The global switch will enable for all apps and be the easiest option for the users to enable this optional header.

The global switch will enable it for all apps by default underneath the hephy-router. If a user wants to disable it for certain apps that are using another loadbalancer, then the user can opt-in to add an annotation to the application service and disable them for each specific app that does not need the header underneath the hephy-router.

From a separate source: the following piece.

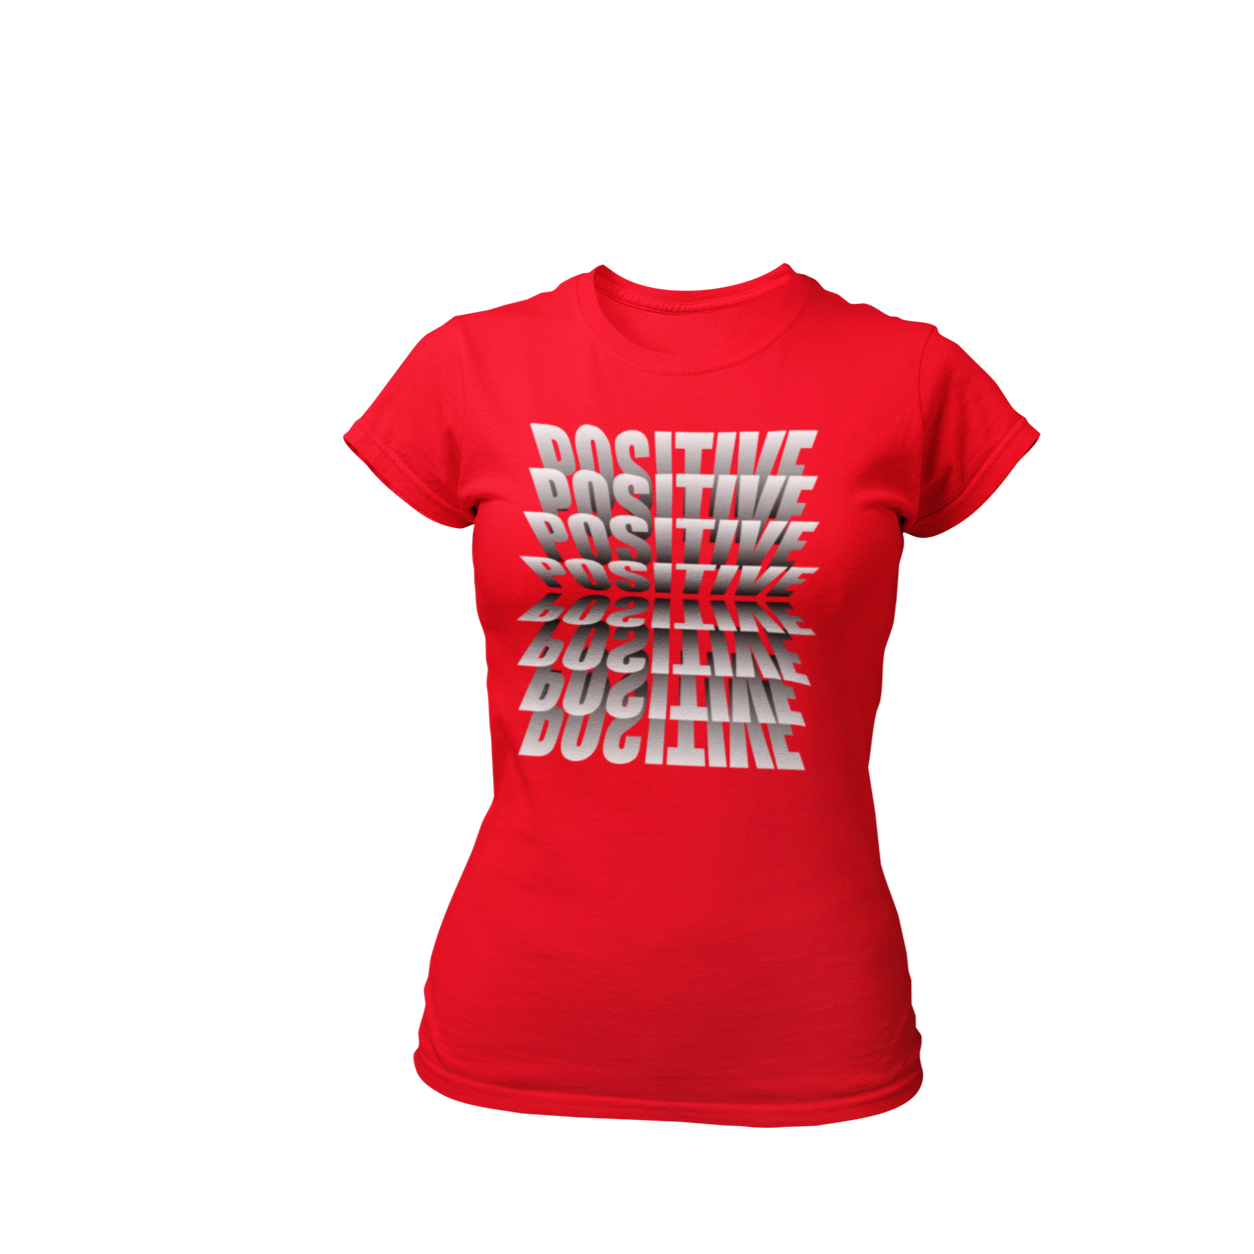 Red positive t-shirt by Made Inc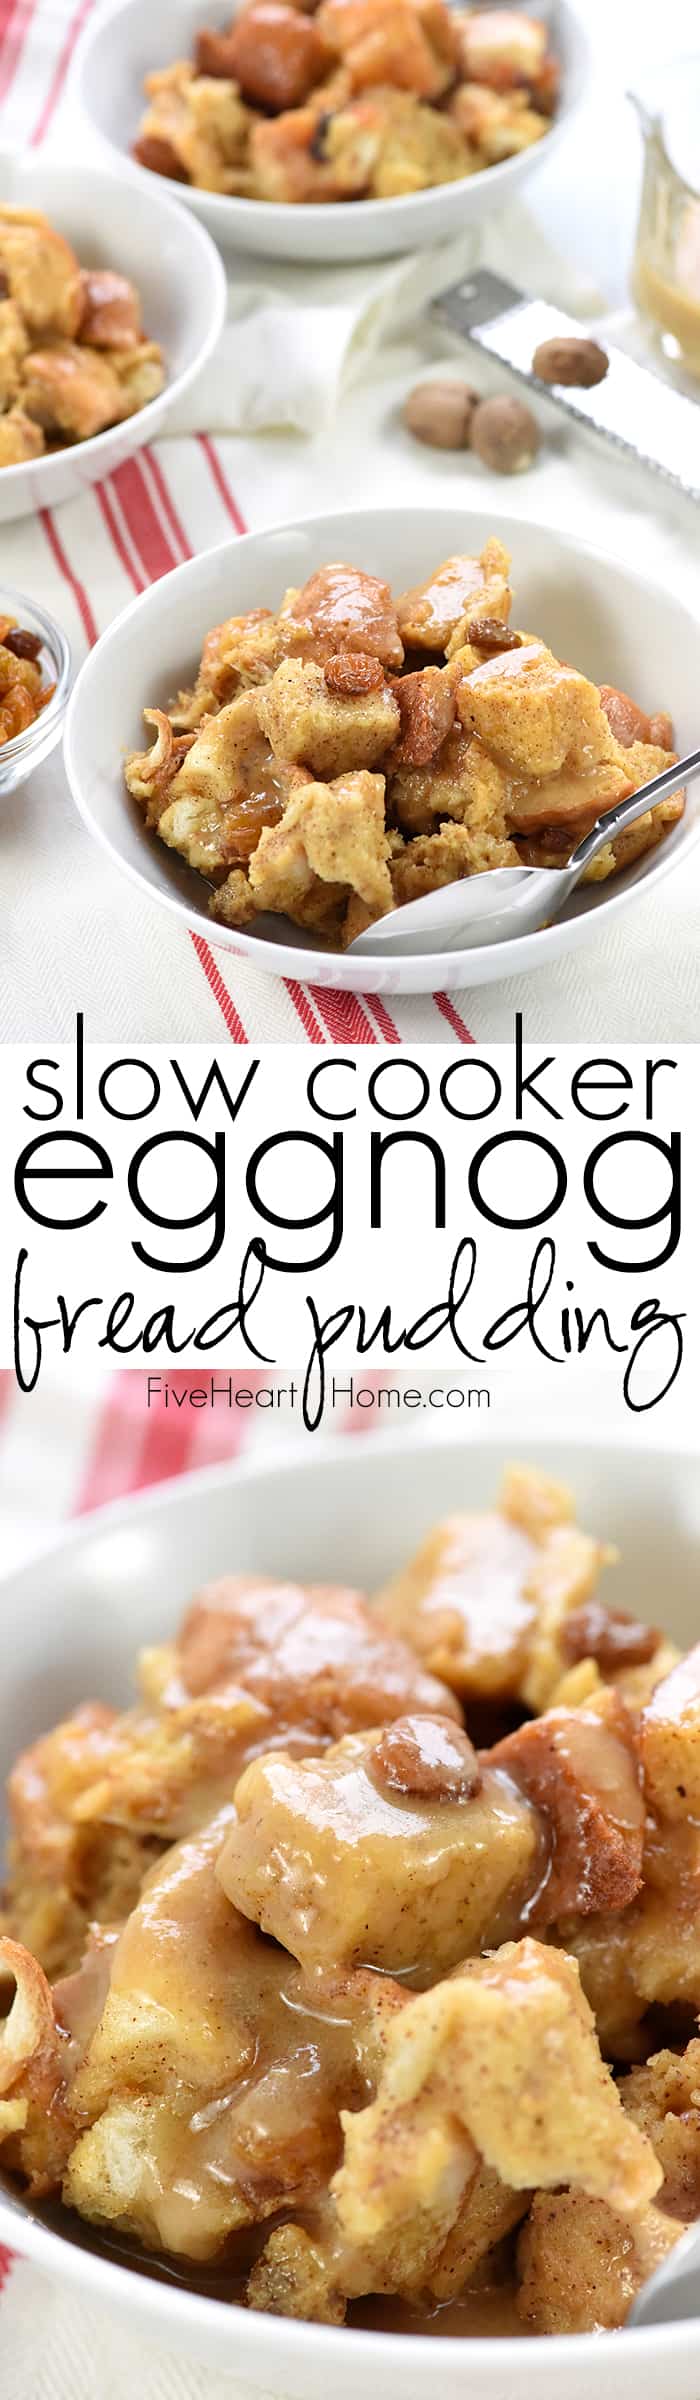 Slow Cooker Eggnog Bread Pudding ~ this decadent holiday breakfast, brunch, or dessert is studded with golden raisins, sprinkled with nutmeg, and drizzled with a silky eggnog syrup...and it effortlessly cooks up in the crock pot, freeing up the oven for other recipes! | FiveHeartHome.com via @fivehearthome

It requires more configuration per app but this is a very custom setup so the extra configuration is warranted.

I am thinking for the names of the annotations to be:

Component	Resource Type	Annotation	Default Value
deis-router	deployment	router.deis.io/nginx.requestStartHeader	false
routable application	service	router.deis.io/disableRequestStartHeader	N/A*

• false if router.deis.io/nginx.requestStartHeader is true, but can be overwritten to false for all apps.

How does that sounds @felixbuenemann and @pdomagala ?

Will the X-Request-Start header be ever set to anything different from t=${msec}?

[pdomagala]

Sounds great to me! t=${msec} is perfect, NewRelic recommends the same value in their docs.

Thanks for fast response 👍

[felixbuenemann]

I would simplify the name to requestStart or requestStartHeader if the shorter version seems confusing, because the option that toggles X-Request-ID headers is simply called requestIDs.

[Cryptophobia]

Per the discussion above I have made the annotations simpler:

router.deis.io/nginx.requestStartHeader router.deis.io/disableRequestStartHeader

First one is set on global hephy-router annotations, the other is the application annotation to opt-out of the X-Request-Start header for each application if necessary.

[Cryptophobia]

Looks like we will be modifying the PR a bit:

So if appConfig.RequestStartHeader is nil, we use the value from routerConfig.RequestStartHeader, but if it is either true or false it overrides the routerConfig value. - @felixbuenemann

[Cryptophobia]

This can be tested with container cryptophobia/router:git-6016a3d.